Backup (and Recovery)

I’ve spent a bit of time recently looking at backup solutions for Windows 2008 Server. For those who don’t know Windows 2008 has no native support tape devices which have been replaced by removable disk storage e.g. external USB hard disks. Microsoft have replaced the old NTBackup utility with Windows Backup in Windows 2008. A free download version of NTBackup that allows you to restore files from historical backups.

One limitation of Windows Backup is that it only supports direct attached disks when scheduling jobs. A manual backup job can use a UNC file path but can’t be scheduled. The solution to this issue is to use the Windows Scheduler to run this command (with updated UNC path and drive letters):

  • wbadmin start backup -backupTarget:\\servername\share\folder -include:C:,D: -allCritical -vssFull -quiet

Other limitations are around the ability to backup other server products such as Exchange, SQL, Sharepoint etc. Microsoft provide Data Protection Manager (DPM 2007) which supports these more advanced requirements.

Data Protection Manager Posts

If your requirements are for a more traditional disk to tape backup model then a number of third party backup solutions are available for Windows 2008 e.g. BackupExec, ArcServe, Data Protector Express etc


Backup is a critical function of any IT Infrastructure and should be high on the list of priorities for everyone. Backup can be a complicated thing to understand so here are 3 things to consider when choosing a solution:

  • How often should we backup?
  • How long do backups need to be kept for?
  • How long will it take to get data back from backup?

It is also a good idea to ensure backups are stored off site incase of fire or other disaster onsite. It should also be secured because backup contains all of your customer information, intellectual property, sales data, email messages etc

It is important to ensure you monitor your backups so that you know they are working and assign someone the responsibility of managing the backup process and ensuring data is stored securely offsite.


It is important to understand the recovery process and set reasonable expectations for the length of time it will take to recovery data.
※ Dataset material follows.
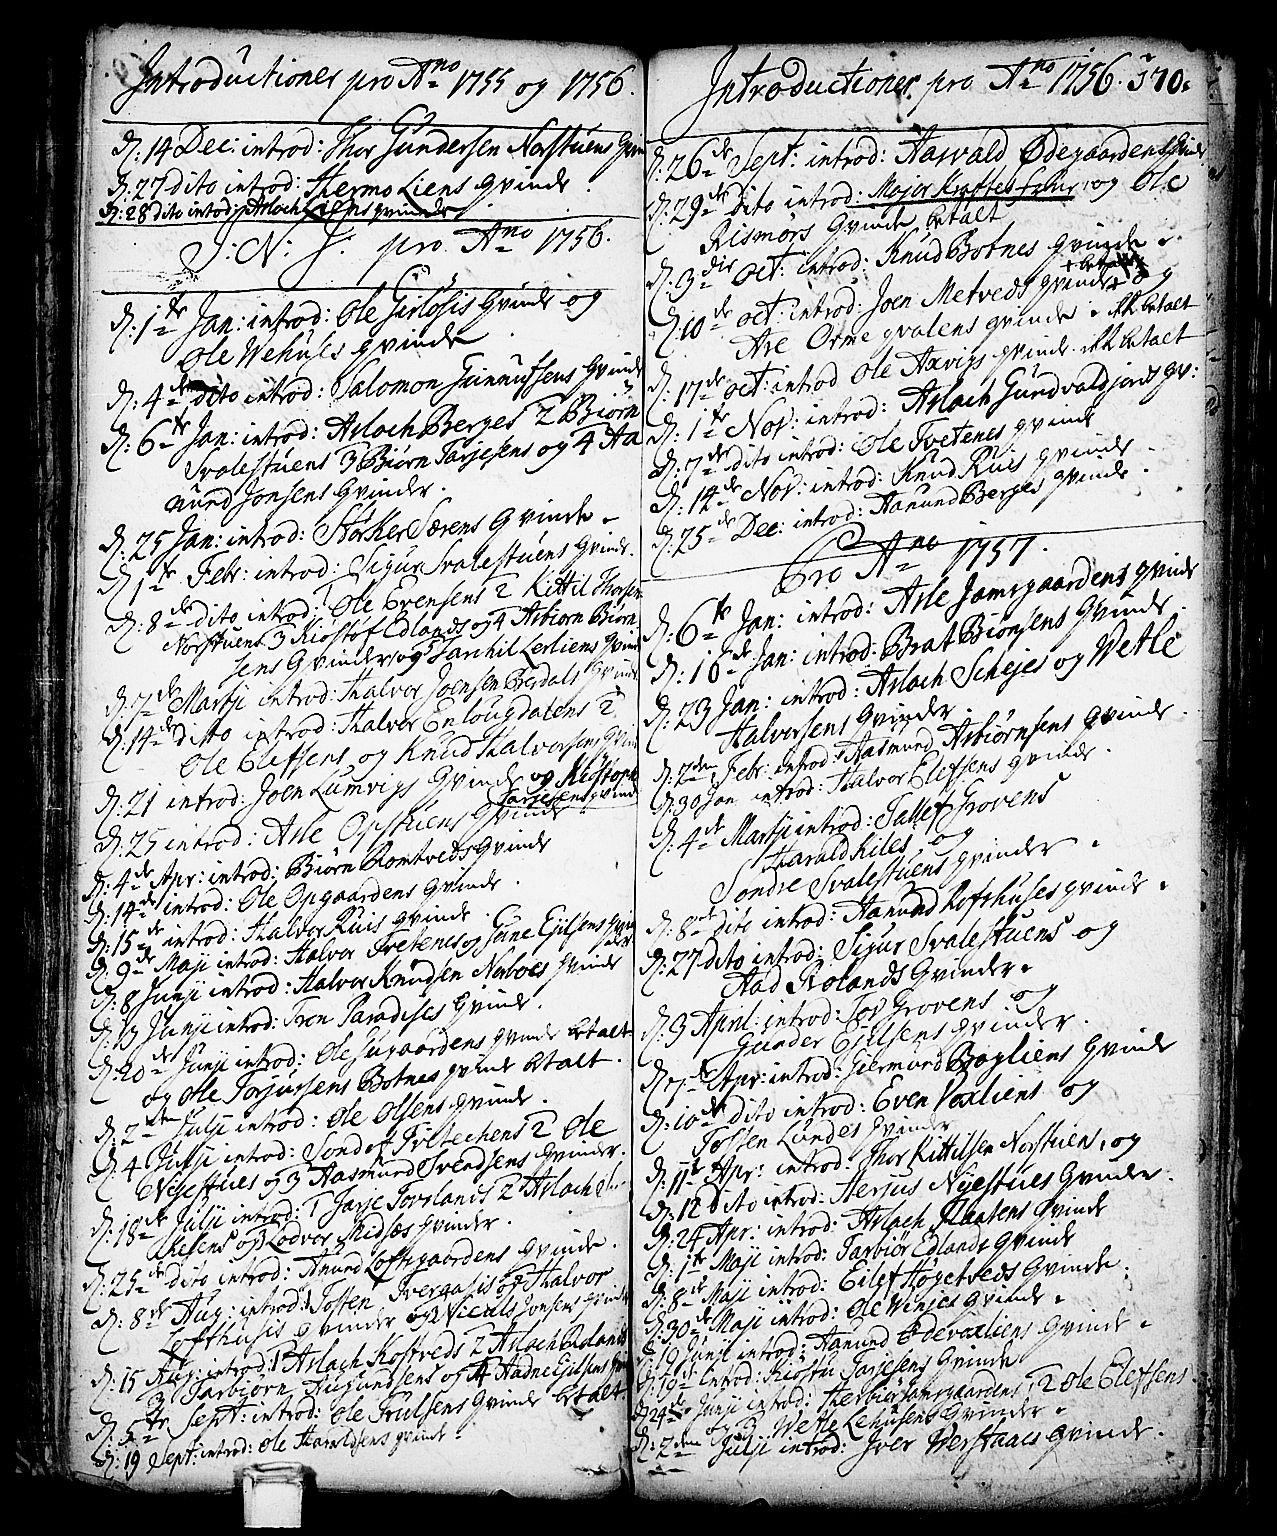 SAKO, Vinje kirkebøker, F/Fa/L0001: Ministerialbok nr. I 1, 1717-1766, s. 170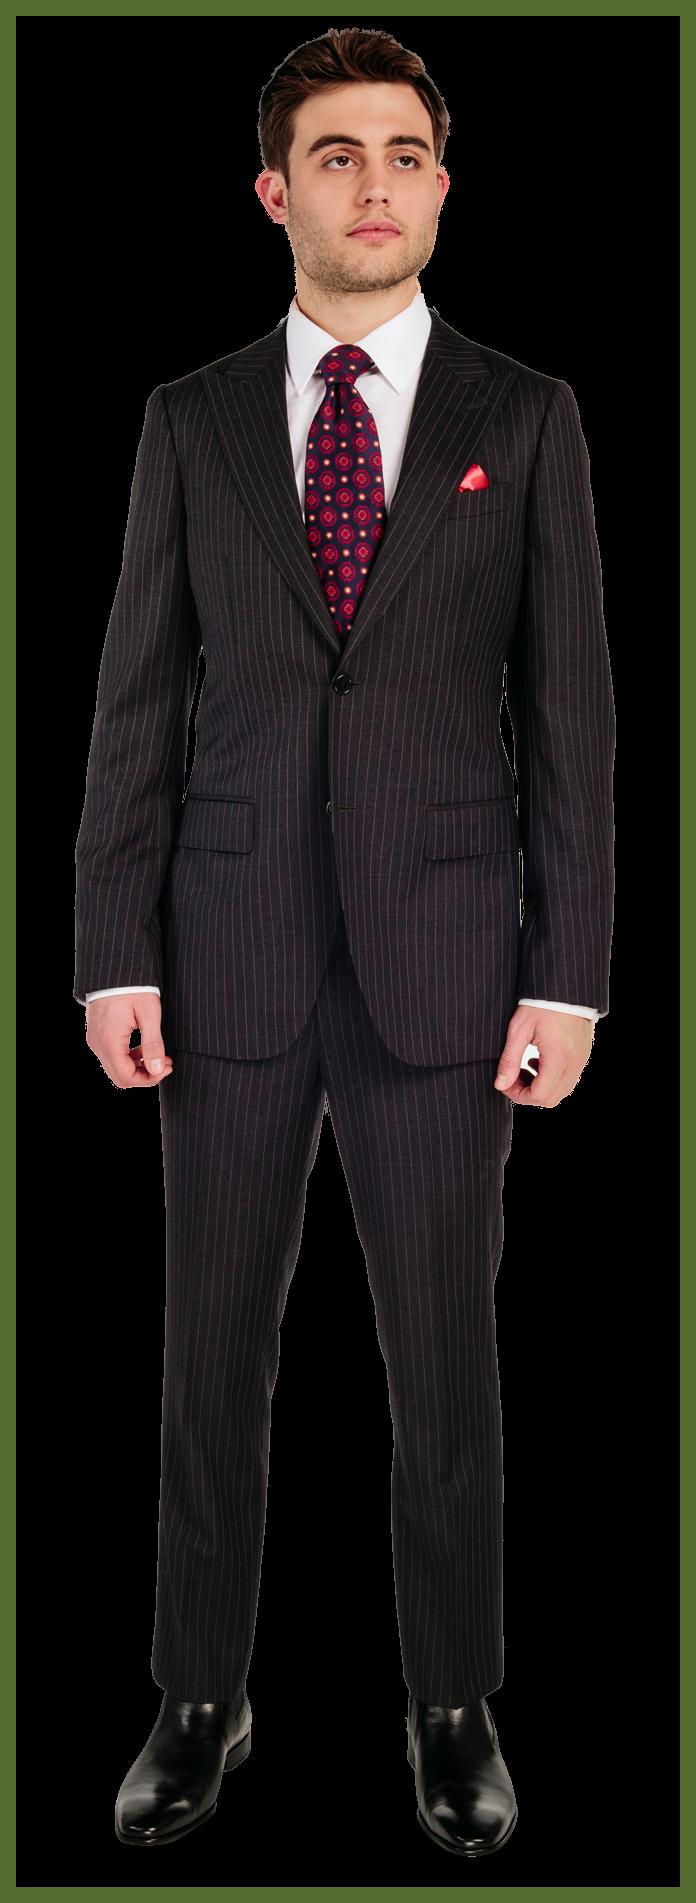 ideas of suits. Suit clipart pinstripe suit

Factors that will determine the time required include access to backup media, data transfer rate, complexity of the restore process and amount of data being restored.

Some backup solutions give end users the ability to restore data themselves for disk copies. This is useful for small recovery jobs e.g. a deleted file or folder containing user data. In other situations it may be necessary to collect backup media from offsite storage and the require a systems administrator to restore data e.g. recovery of Active Directory, Exchange or SQL databases.

Some systems have special recovery requirements that should be taken into consideration e.g. document level recovery of Sharepoint may require a “Recovery Sharepoint farm” or Exchange item level restore may need a large amount of disk space to restore the entire EDB file before extracting data.


Data Protection Manager 2007 overview

System Centre Data Protection Manager 2007 (DPM) is Microsoft’s enterprise backup solution. Here is a short overview of the key features and a couple of gotcha’s.

DPM supports backup of Microsoft Operating Systems including Windows 2003 or greater and Windows XP. It supports backups for a wide range of Microsoft applications including Sharepoint, Exchange and SQL.

Disk to Disk to Tape

DPM is a disk to disk to tape backup solution. The DPM server can take snap shots of protected servers throughout the day and store those snap shots on DAS or SAN storage (note that it does not support USB drives). Snapshots can then be backed up to tape. This is an effective way of removing backup window issues and is probably the biggest selling point of this type of solution. It also allows recovery up to the last snapshot, reducing the size of any data lost should a major failure occur during the day.

The recommended amount of disk space for snapshots is 1.5 times the size of the data being protected. This should be taken into account when selecting hardware to run on.

Take a careful look at the supported tape drive list on the DPM 2007 homepage too.

Service Packs and Hotfixes.

Service Pack 1 for DPM 2007 is a major improvement and must be installed if you want to get a good result from this product. A post service pack 1 roll up package is also available and fixes many issues too.

Agents need to be redeployed following the updates, so it is best to install and patch DPM before deploying agents. Servers with agents need to be rebooted before the agent will communicate.


If you choose to backup the System State of a server, DPM uses Windows Backup to dump the system state to the local C: drive of the protected server. The catch here is that you can run out of C: drive space and that is not good. This can be changed by editing an XML file on the protected server.

Tape backups run 7 days a week, can only be scheduled on the hour and you can’t eject the tape from DPM. These 3 issues are in my opinion limit the ability for DPM to be used as a purely tape backup solution. Having a run now option would useful be useful.

DPM 2007 can’t backup the server it is installed on. This should be taken into account when choosing a server to deploy DPM on.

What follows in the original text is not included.